ACTIVITY: Each line below must be transcribed exactly, and no picture may appear in the transcription.

DATA EXCERPT:
== Segment start ==

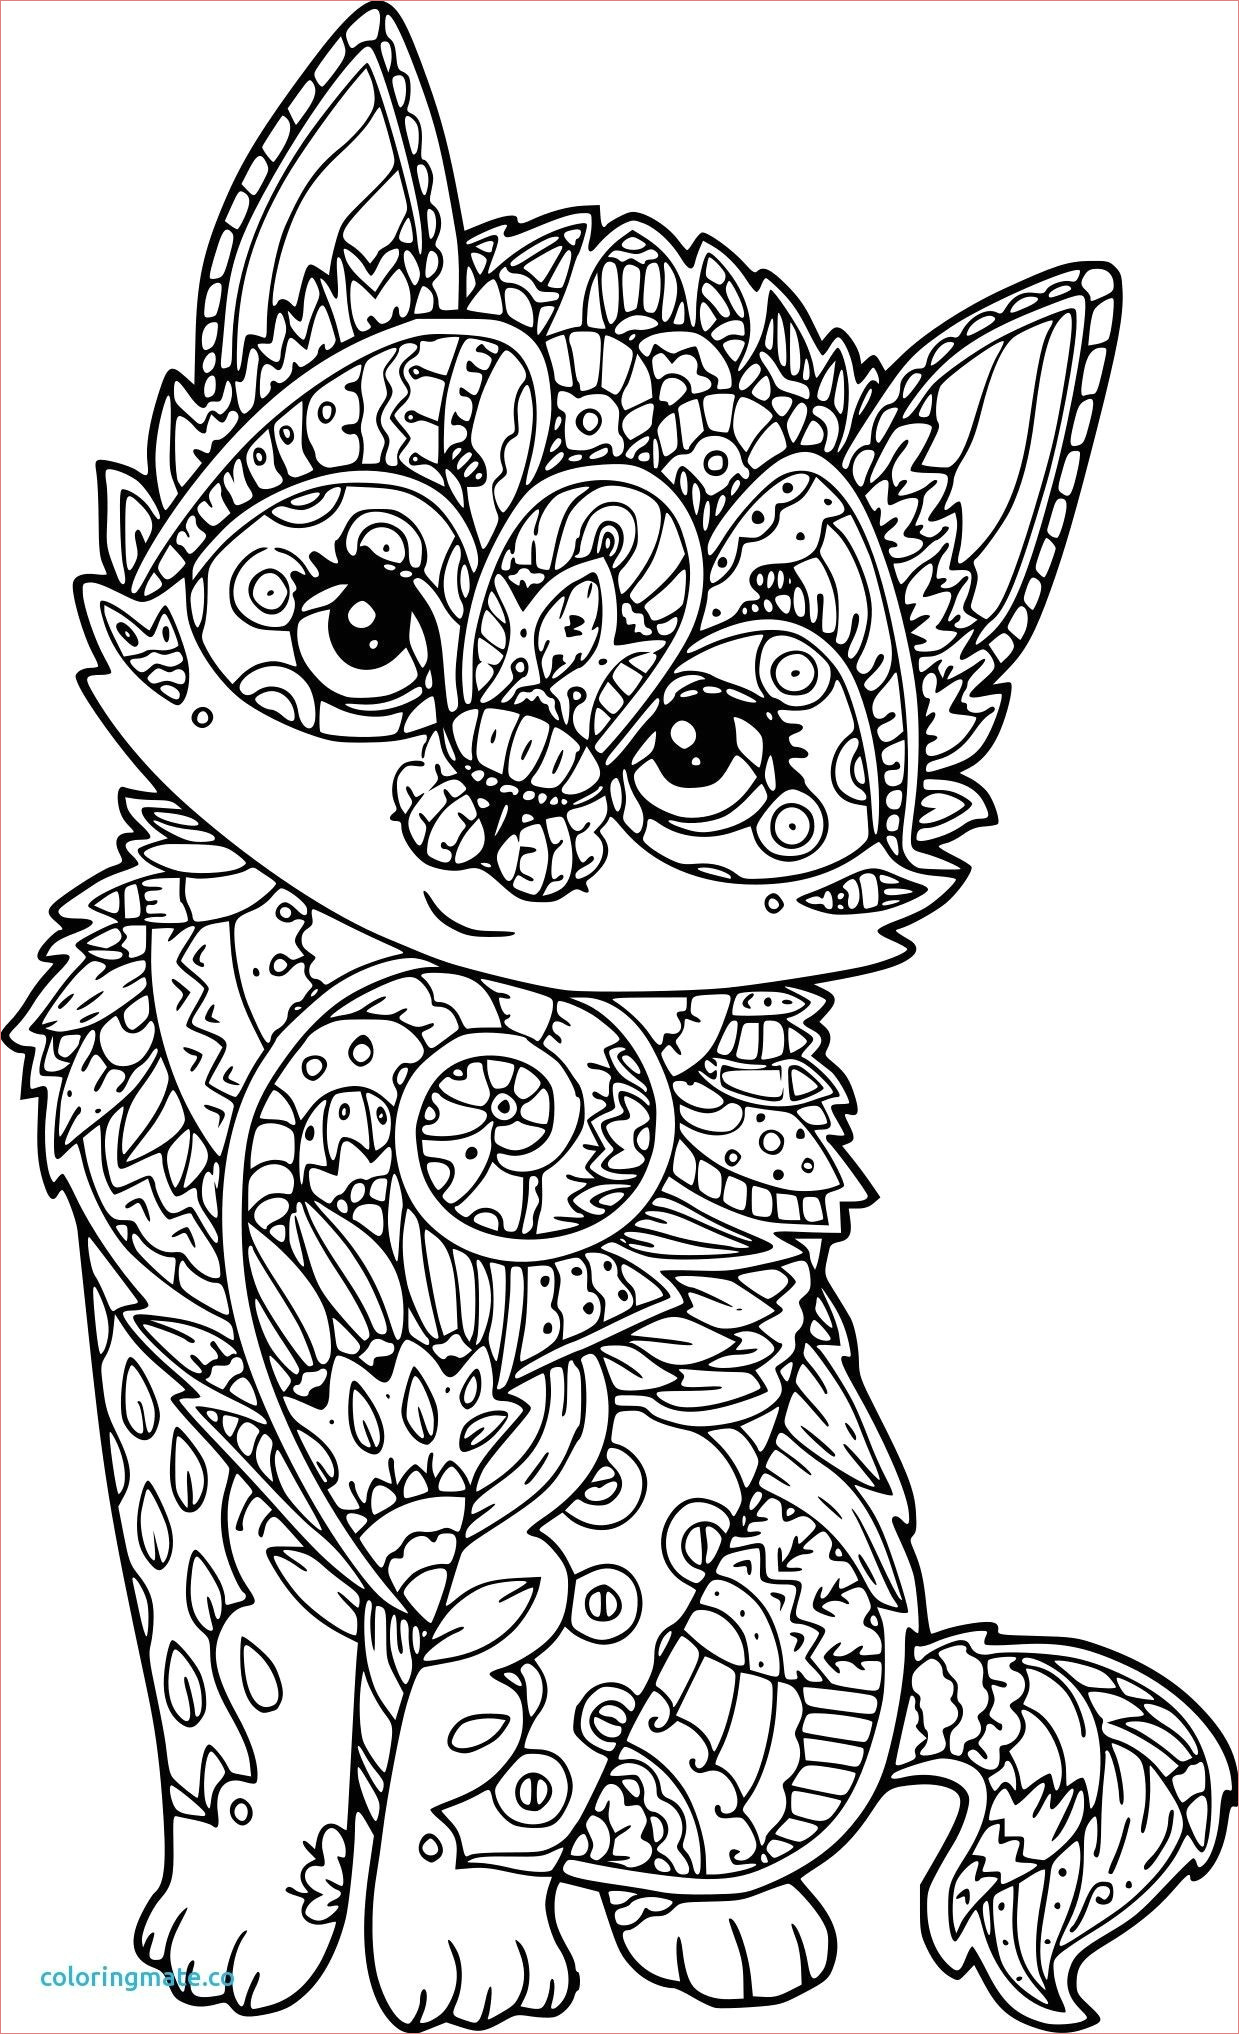 coloriage dur de chat niedlich coloriage mandala chat papillon zeitgenossisch
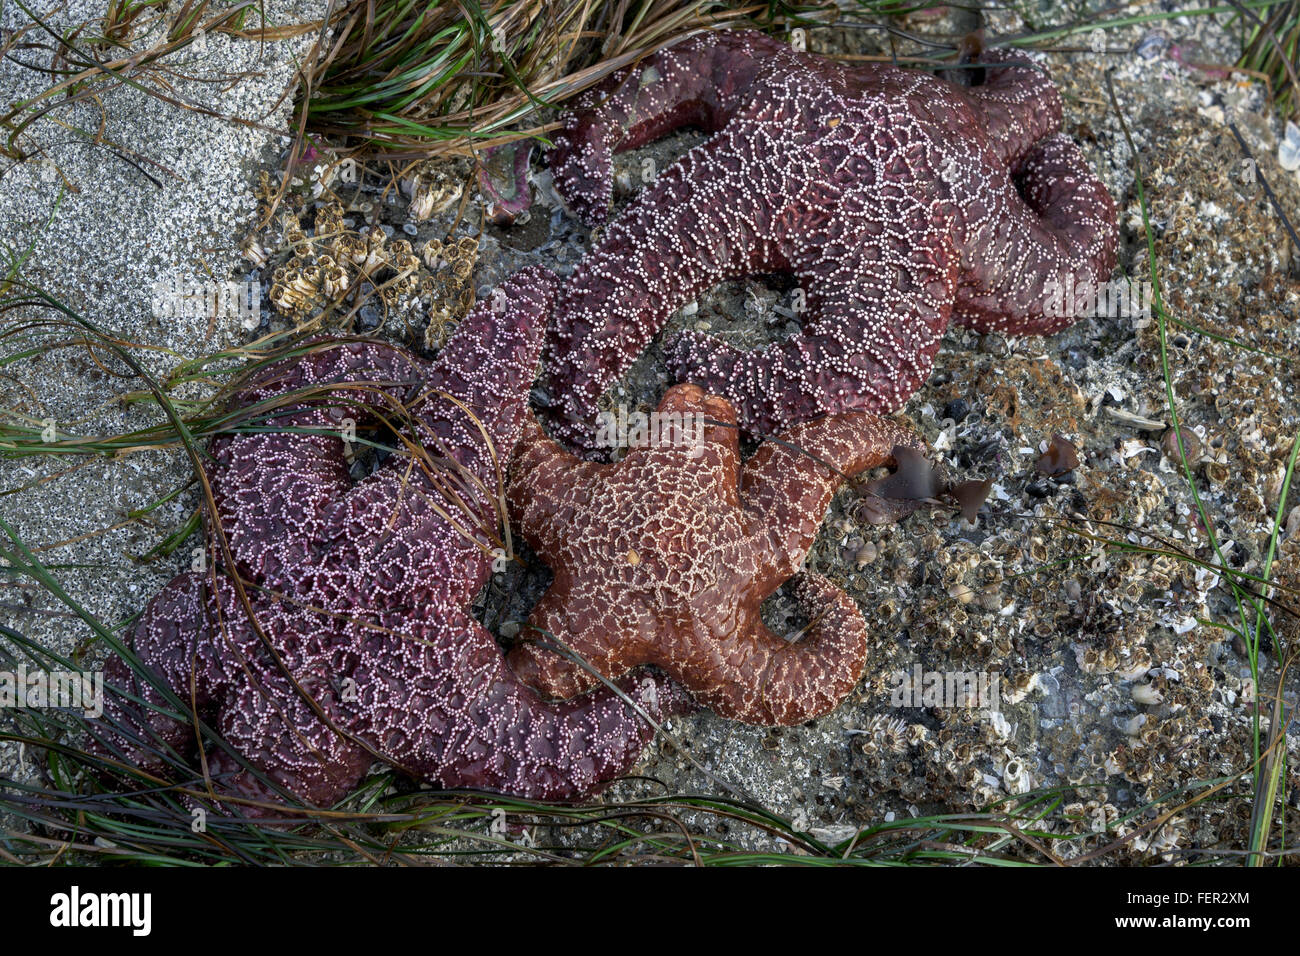 Three sea stars (Pisaster ochraceus) with eelgrass, Chesterman Beach, Tofino, British Columbia Stock Photo
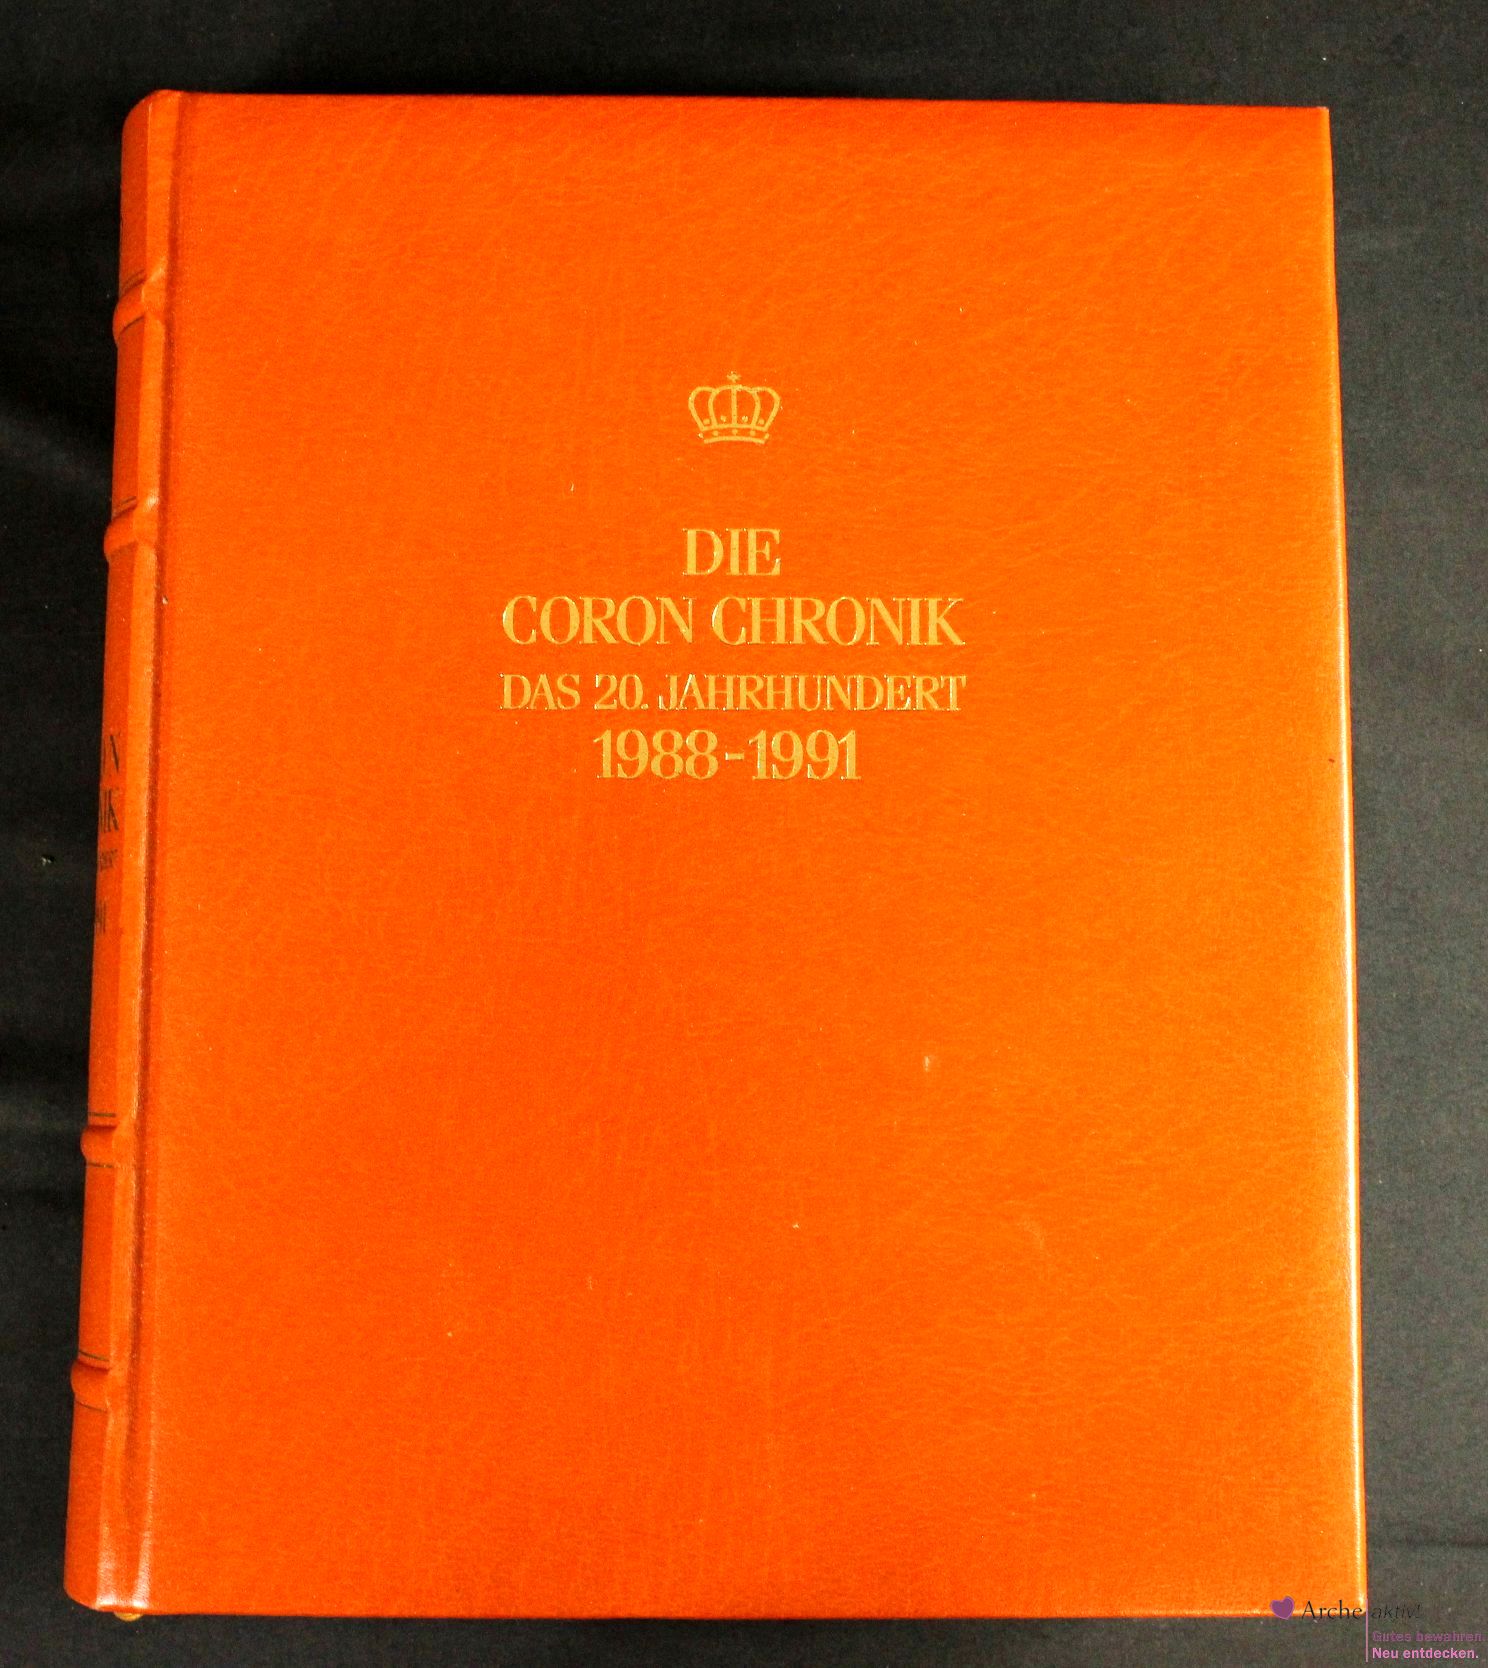 Die Coron Chronik - Das 20. Jahrhundert 1988 - 1991, Band 23, mit Gold-Kopfschnitt, gebraucht
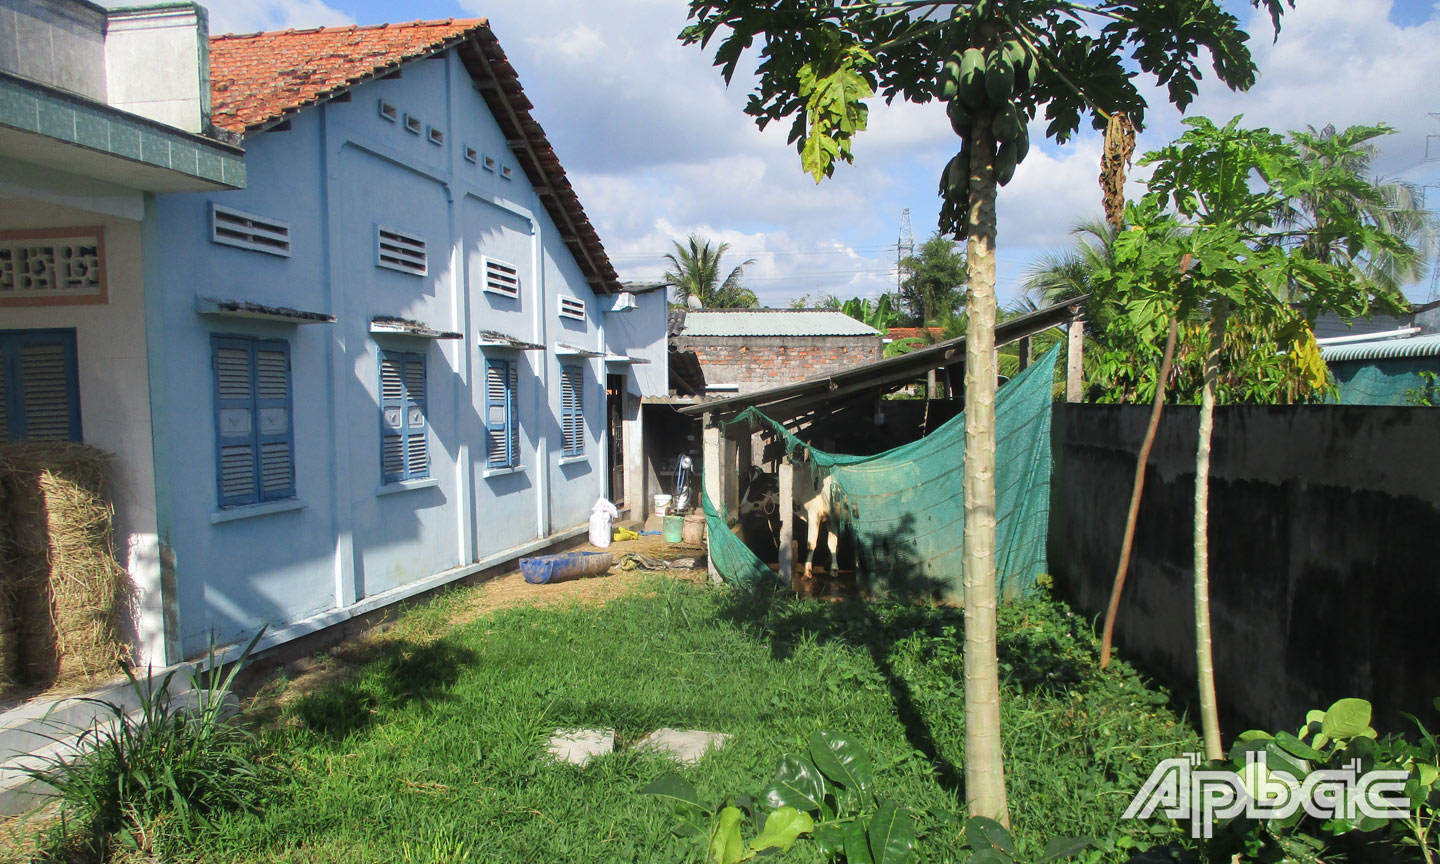 Chuồng nuôi bò sữa gây ô nhiễm môi trường của hộ ông T. ở Tổ nhân dân tự quản số 20, ấp Thân Bình, xã Thân Cửu Nghĩa.

== Segment end ==

WRITTEN SOLUTION:
 coloriage dur de chat niedlich coloriage mandala chat papillon zeitgenossisch
 Three sea stars (Pisaster ochraceus) with eelgrass, Chesterman Beach, Tofino, British Columbia Stock Photo
 Die Coron Chronik - Das 20. Jahrhundert 1988 - 1991, Band 23, mit Gold-Kopfschnitt, gebraucht
 Chuồng nuôi bò sữa gây ô nhiễm môi trường của hộ ông T. ở Tổ nhân dân tự quản số 20, ấp Thân Bình, xã Thân Cửu Nghĩa.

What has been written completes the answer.